Friday, May 14, 2010

Tomorrow

Today I planted a garden.
I have confidence in tomorrow,
Trust that rain will fall,
That the sun won't hide
That the blight won't drift
From upstate New York.

Today I lovingly placed
Tomatoes and peppers,
Basil and friends,
Stepping stones, into soft,
Combed-over dirt,
Because I trust.

Nature is wild and unruly,
Not to be trusted unduly,
But the God whose word upholds
It all? Him I trust.

6 comments:

Just said...

Lovely, lovely, lovely, Mr Picklesworth. Now would you like to come and fix my garden? Tomato plants are not looking happy.

Chai said...

Your blog has been recommended to us as a interviewee's

favorite blog!

We would like to do an interview with you about your blog

for Blog
Interviewer. We'd
like to give you the opportunity to
give us some insight on the "person behind the blog."

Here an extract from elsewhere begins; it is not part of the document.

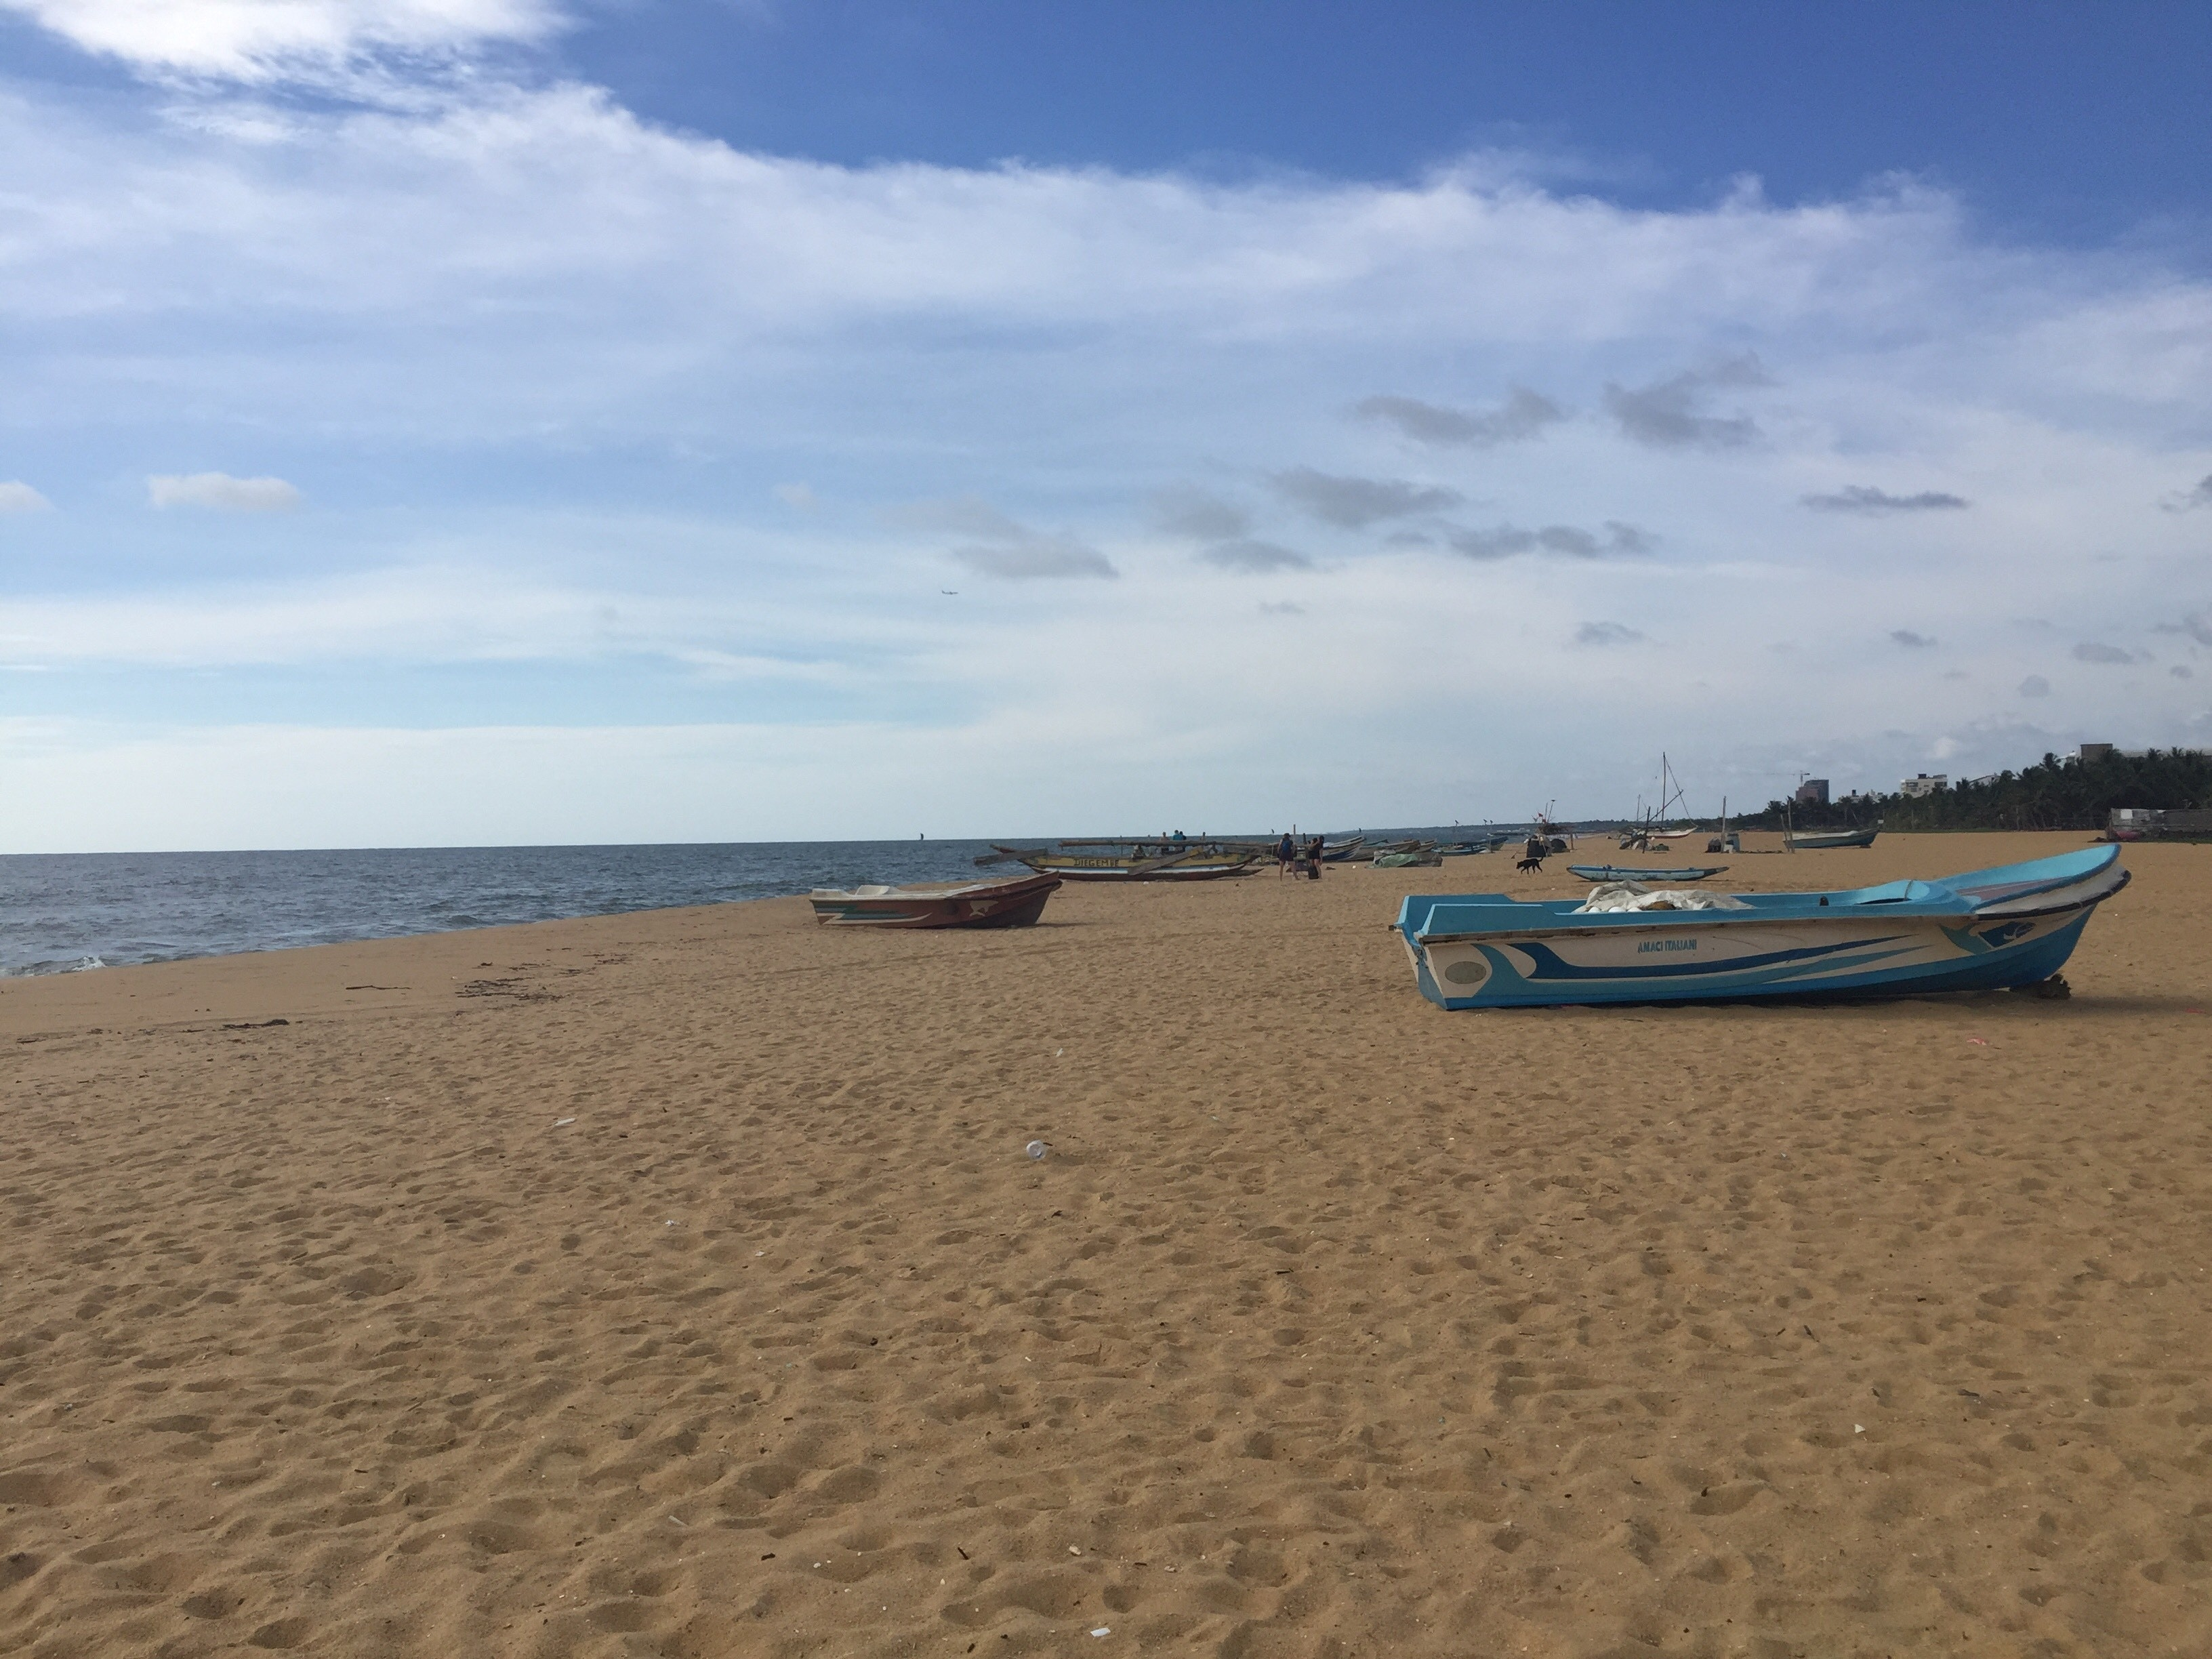 Strand van Negombo, Negombo, Western Province, Sri Lanka

It would just take a few minutes of your time. The

interview form can
be submitted online here Submit

your
interview
.

Best regards,

Mike Thomas

W.B. Picklesworth said...

Tomato plants don't have to look good, they just have to bring home the bacon, so to speak. Two years ago I wasn't prepared for how fruitful they would be and the plants absolutely overwhelmed their cages. It looked like such an awful mess, like a tomato jungle, but we sure weren't lacking in the kitchen!

Katherine said...

How lovely! You had some garden therapy! Sounds wonderful!

Night Writer said...

Reminds me of something I wrote in the fall of '08 as you a Faith looked ahead to your May wedding in the front yard:

While Tiger Lilly, my wife and I worked on the gardens the Mall Diva and B. cleared out the four flower beds in front of the house and planted tulip bulbs, happy in the thought of the rewards for their labor regardless of whatever hardships and depradations should be visited upon these by the winter, the squirrels or the administration.

A long, cold season may be ahead but there’s so much promise on the other side of it. I’ve lived through many a winter now and quite a few temporal seasons of hope and change — some of which even almost worked. I take any and all forecasts with as many grains of salt as I’ll eventually pour on my sidewalk in the months ahead, but one thing I know for certain is that the head of my government has decreed that seedtime and harvest shall not cease as long as the earth remains.

W.B. Picklesworth said...

I remember that gardening work. It all worked out magnificently, didn't it? And the property is still the better for it.